序章
目覚まし時計が鳴り出す一〇分前に、少女はトーストの香りで目を覚ます。
毎朝きっかり、ちょうど一〇分前に、彼女は長い夢から現実へと帰還する。アラーム音など鳴らしはしない。
少女は目覚まし時計を嫌っていた。補給を終えた軍隊が戦地に赴くような、この万全の目覚めを、けたたましいベルの音に強いられることを何よりも嫌っていた。
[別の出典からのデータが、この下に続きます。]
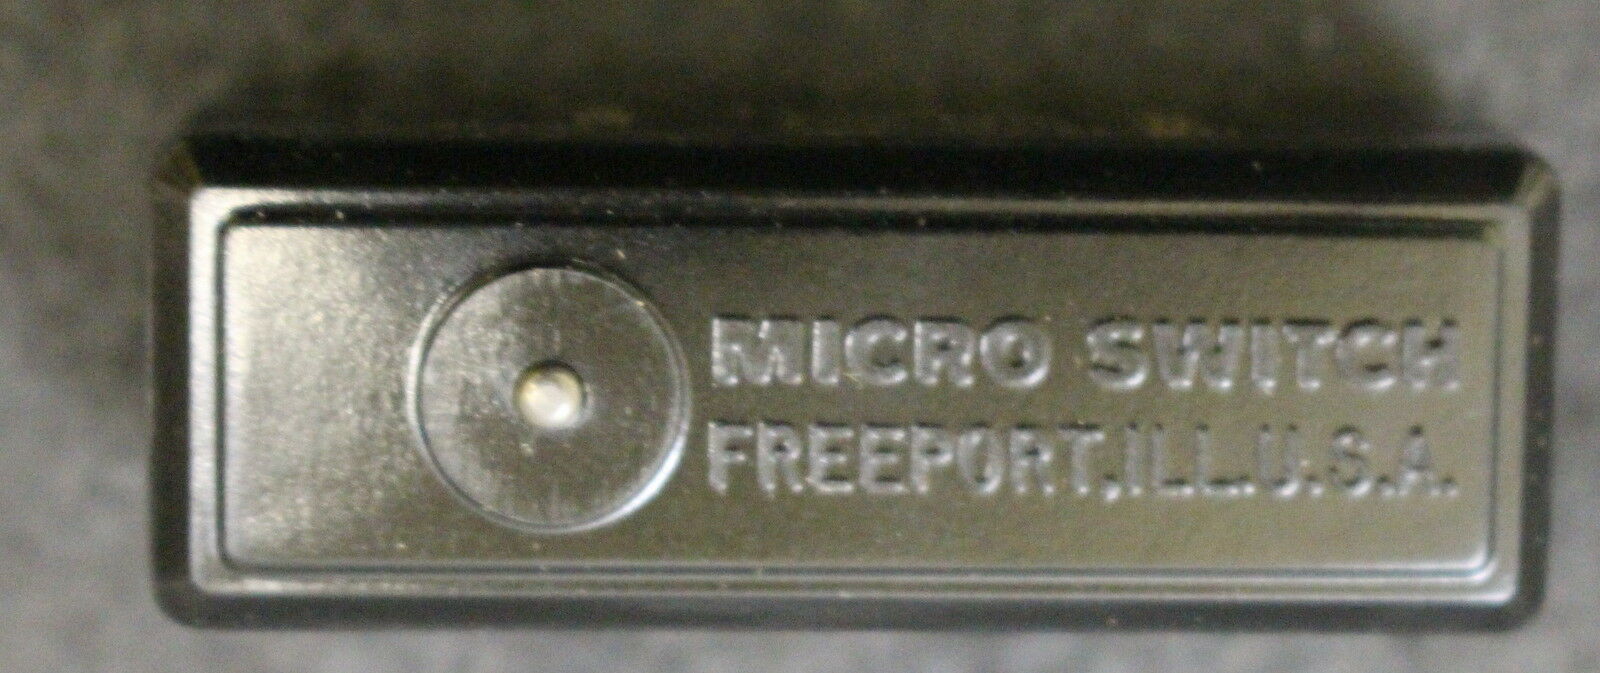 HONEYWELL Mikroschalter micro switch BZ-R 9828 - 125-480VAC - 15A - 250VAC

だから、彼女の目覚まし時計はここ数年、職務を果たした試しがない。
「だって、何についても、強制されるって最悪なことよ? 目覚まし時計なんてチープな機械に起こされた日には、何をしたって憂鬱だわ。害悪よ。人生を腐らせるわ」
「なら最初からアラームなんてセットしなければいいでしょうに」
「保険よ保険。仕方ないじゃない。いくら私だって、三〇年に一度くらいは寝坊するわよ、きっと」
「はいはい。下らないこと言ってないで、さっさと朝ごはんを――って、あら?」
彼女の朝は早い。朝の支度も速い。顔を洗い、歯を磨き、戦闘服に着替えたら、朝食を済ませて出かけるだけだ。化粧要らずの整髪要らず、彼女は半刻だって必要としない。
「もう食べ終わったの? 毎朝毎朝、もっとゆっくり食べなさいよ」
「どっちなのよ」
玄関先で、彼女は皮肉げに微笑んだ。
――さあ、戦争の始まりだ。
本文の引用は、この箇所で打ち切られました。